- The Washington Times - Thursday, March 21, 2019

South Dakota has enacted the first-of-its-kind “campus intellectual diversity” law, bolstering efforts to shore up lagging conservative intellectualism at its universities.

“Our university campuses should be places where students leave their comfort zones and learn about competing ideas and perspectives,” Gov. Kristi Noem said in a statement. “I hope this bill lets the nation know that in South Dakota, we are teaching our next generation to debate important issues, work together to solve problems, and think independently.”

The new law stipulates that colleges will be barred from establishing so-called “free speech zones” on its campuses and directs the South Dakota Board of Regents, which oversees the state’s six public universities, to submit to the governor and legislators an annual report identifying “events or occurrences” that impede intellectual diversity.

“This final bill represents a model for bringing transparency to levels of intellectual diversity and protecting it as an indispensable part of higher learning,” said Michael Poliakoff, president of the nonprofit American Council of Trustees & Alumni.

Mr. Poliakoff, who taught in the Classics Department at Hillsdale College, has described the bias against conservatives in higher education at a “crisis” level. He said his group offered “advice at some key junctures” to South Dakota lawmakers in crafting the legislation.

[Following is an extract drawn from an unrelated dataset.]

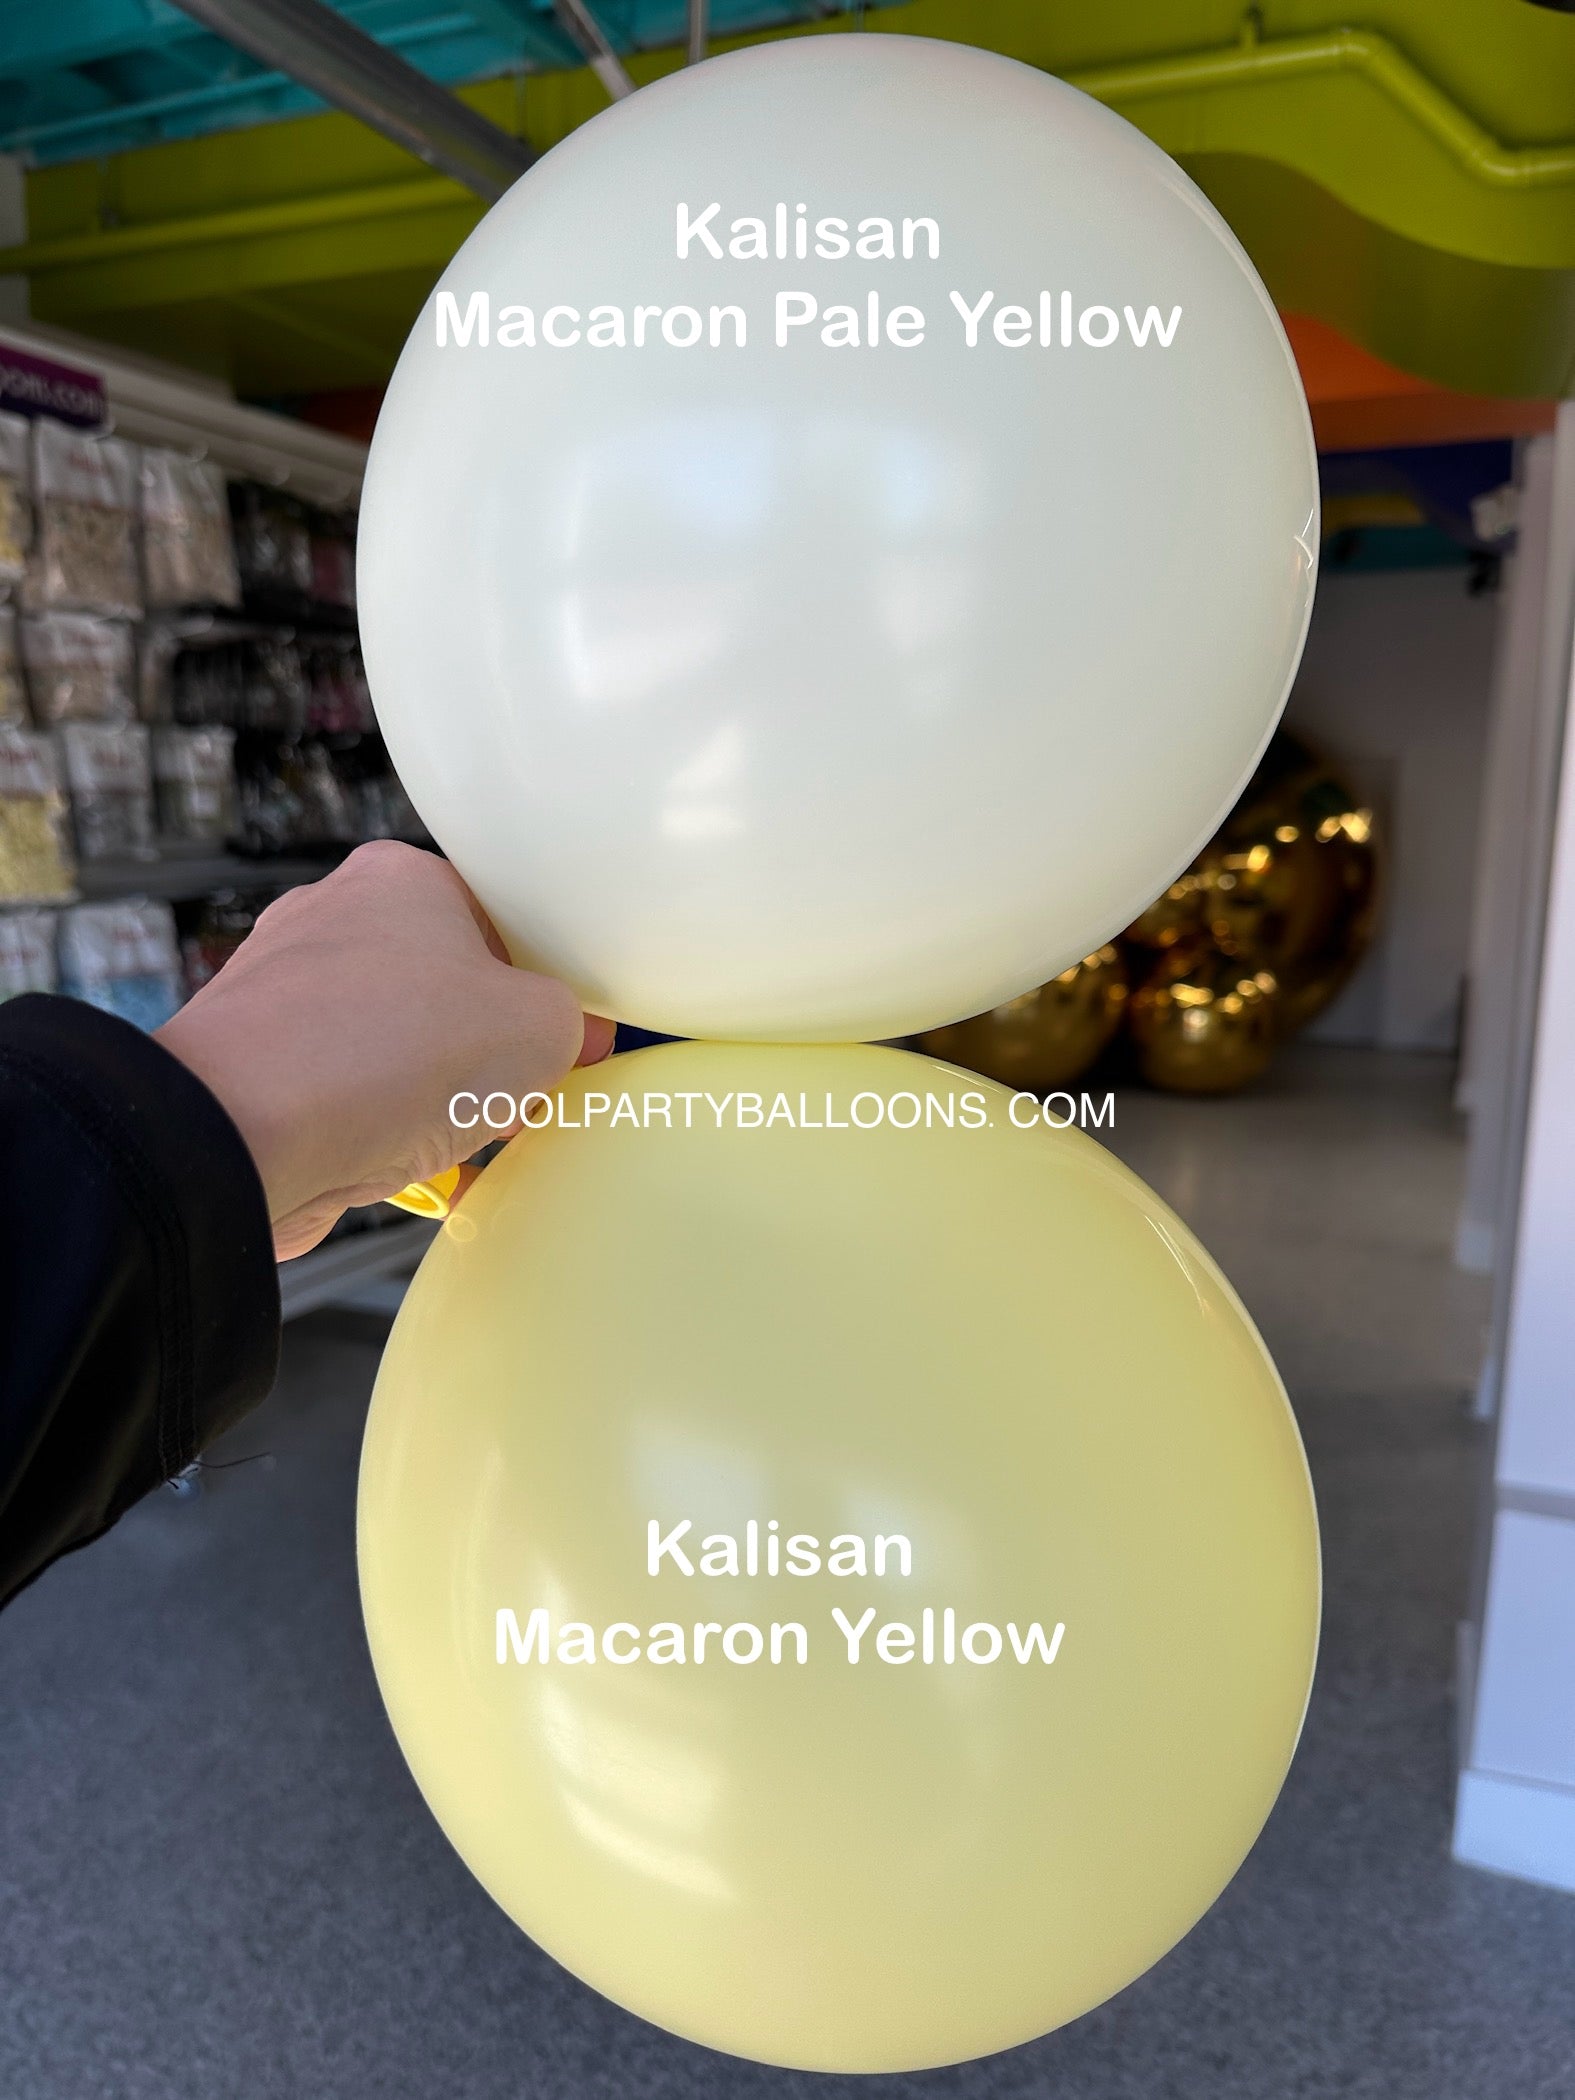 Kalisan Macaron Pale Yellow

The bill underwent significant revisions, including the dropping of a requirement that all students complete three credit hours of civics and that institutions post an online “wall of shame” identifying free speech no-no’s such as blocking a visiting speaker.

Last fall, the regents adopted sweeping new language in the handbook, including the so-called “Chicago Statement,” which embraces free speech even when some students find the expression “offensive or disagreeable.” After a month of legislative deal-making, the bill passed in a stripped-down version, with an endorsement from the Board of Regents.

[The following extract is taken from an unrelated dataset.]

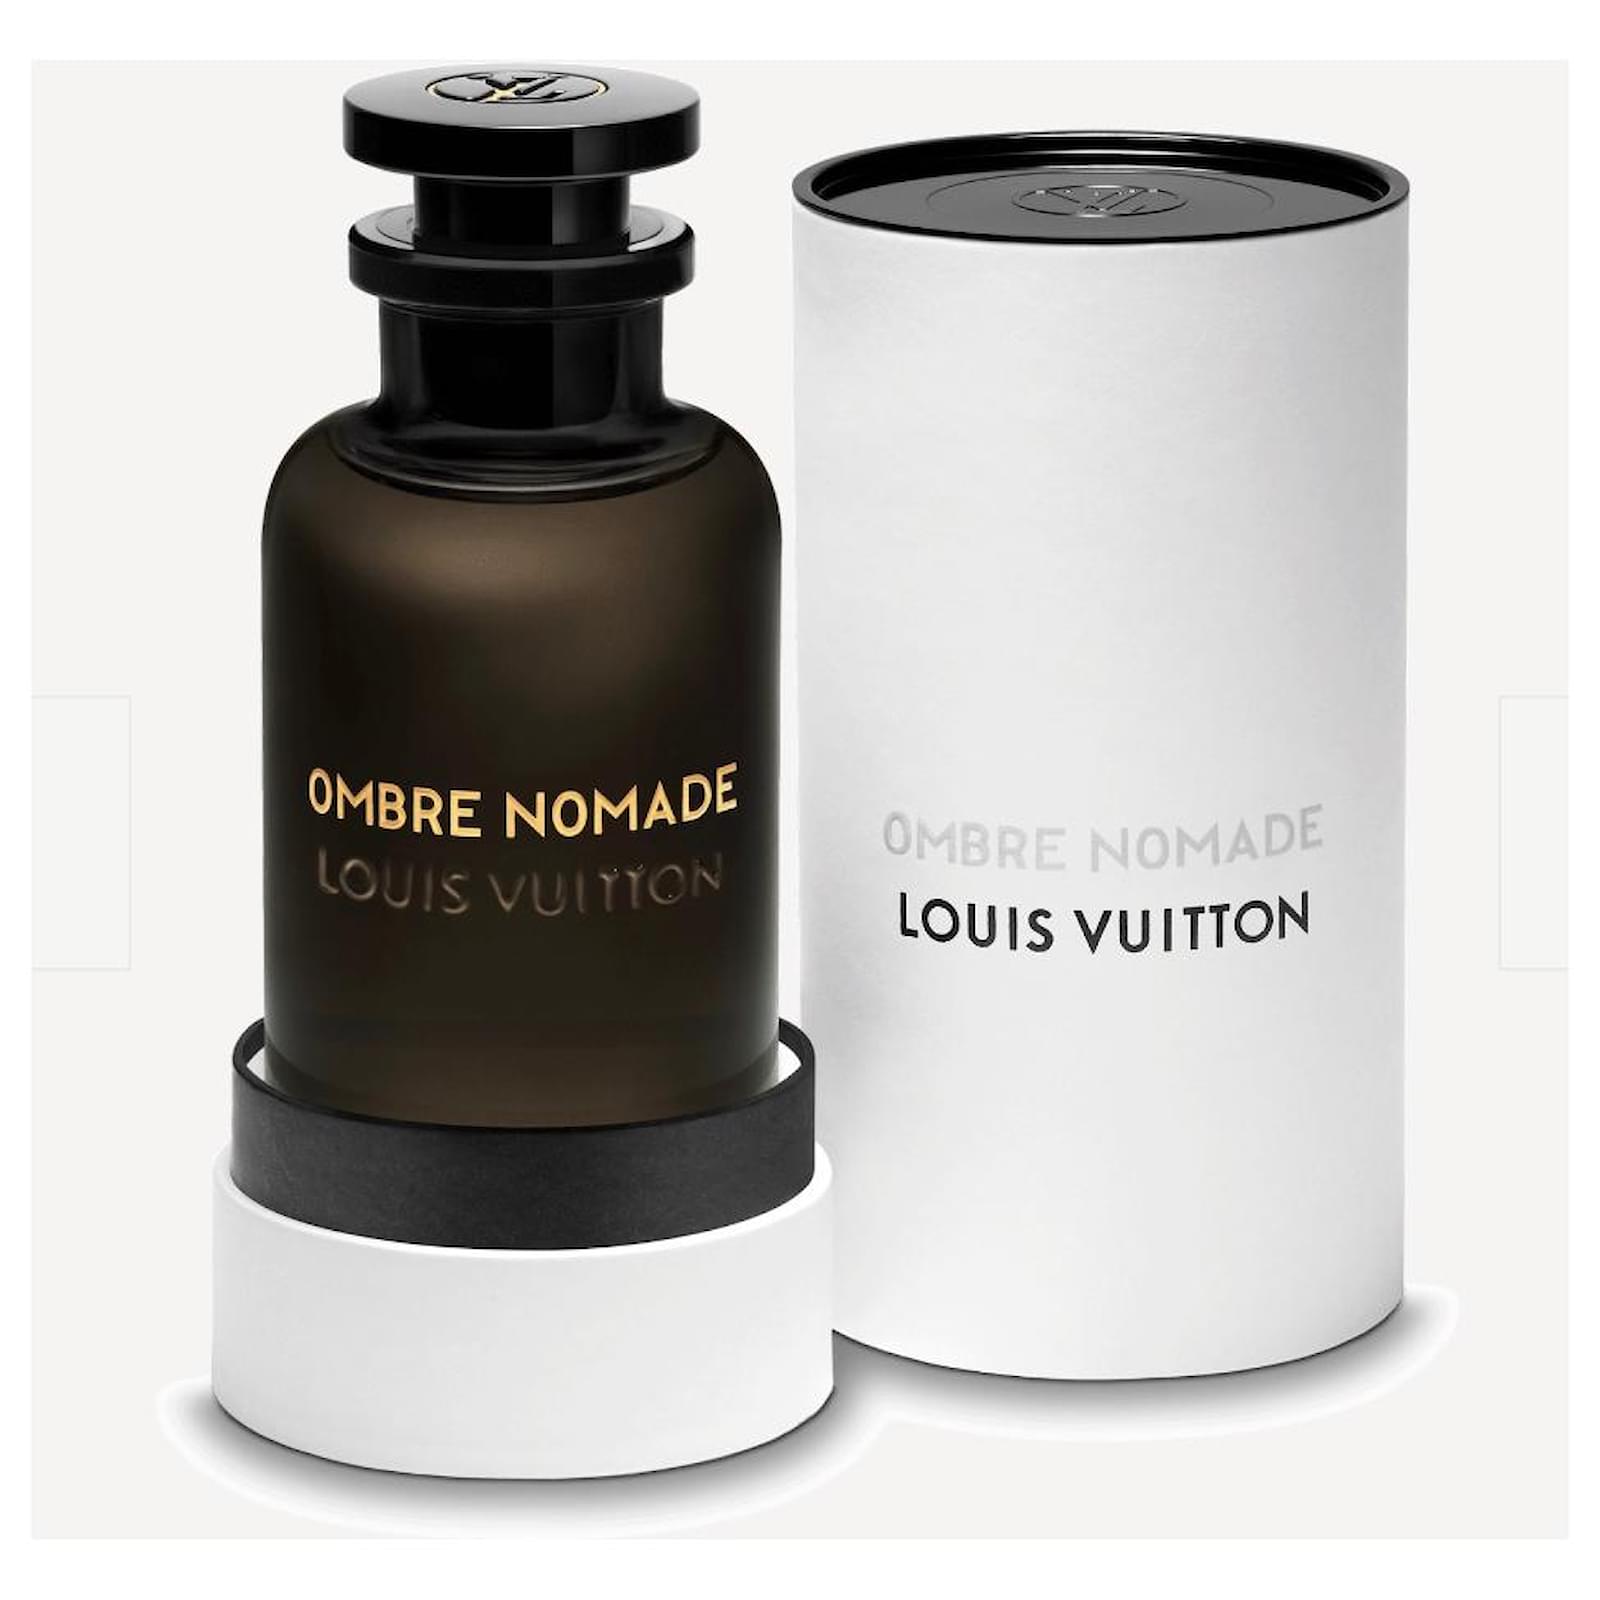 NEW Authentic Louis Vuitton Mens Perfume NOUVEAU MONDE Travel

“While the Board of Regents believe that systemic change in supporting and creating opportunities for free speech and intellectual diversity is best served by thoughtful policy created in the way we’ve shown we can do with our newly-minted policies, we also understand the legislative imperative that is driving this bill,” Paul Beran, executive director and CEO of the South Dakota Board of Regents, testified before the legislature in support of the legislation.

State Rep. Ray Ring, a retired economics professor and Democrat who represents the college town of Vermillion, opposed the bill. He told The Washington Times he doesn’t see suppression of free speech on college campuses.

“In my 40 years of teaching, I didn’t ever feel it’s been a problem at USD [University of South Dakota],” Mr. Ring said. “Way back in the 1980s, I saw someone got shouted down from the audience when we had a speaker who a Marist priest who spoke as a critic of our Central American policy, but that was it.”

He said he taught about everyone from Karl Marx to Milton Friedman in his history of economics class and hoped that intellectual freedom would remain.

Last month, USD President Sheila Gestring made statewide headlines when she announced an independent inquiry into whether an interim law dean’s suggestion to a student law school group to change the title of its winter social event from “Hawaiian Day” to “Beach Day” to avoid exoticizing indigenous islanders amounted to an overreach by administrators.

The legislaton’s sponsor, Rep. Sue Peterson, said the Hawaiian flap is another example of political correctness run amuck on college campuses.

“The evidence reveals that there are increasing efforts to stifle free expression on campus and that our campuses are becoming ideological monoliths,” Ms. Peterson said. “And this law addresses those problems directly.”

The bill’s signing came on the eve of the issuance of an executive order by President Trump that will prohibit federal grant dollars from investing in research projects at schools that do not certify as complying with intellectual diversity standards.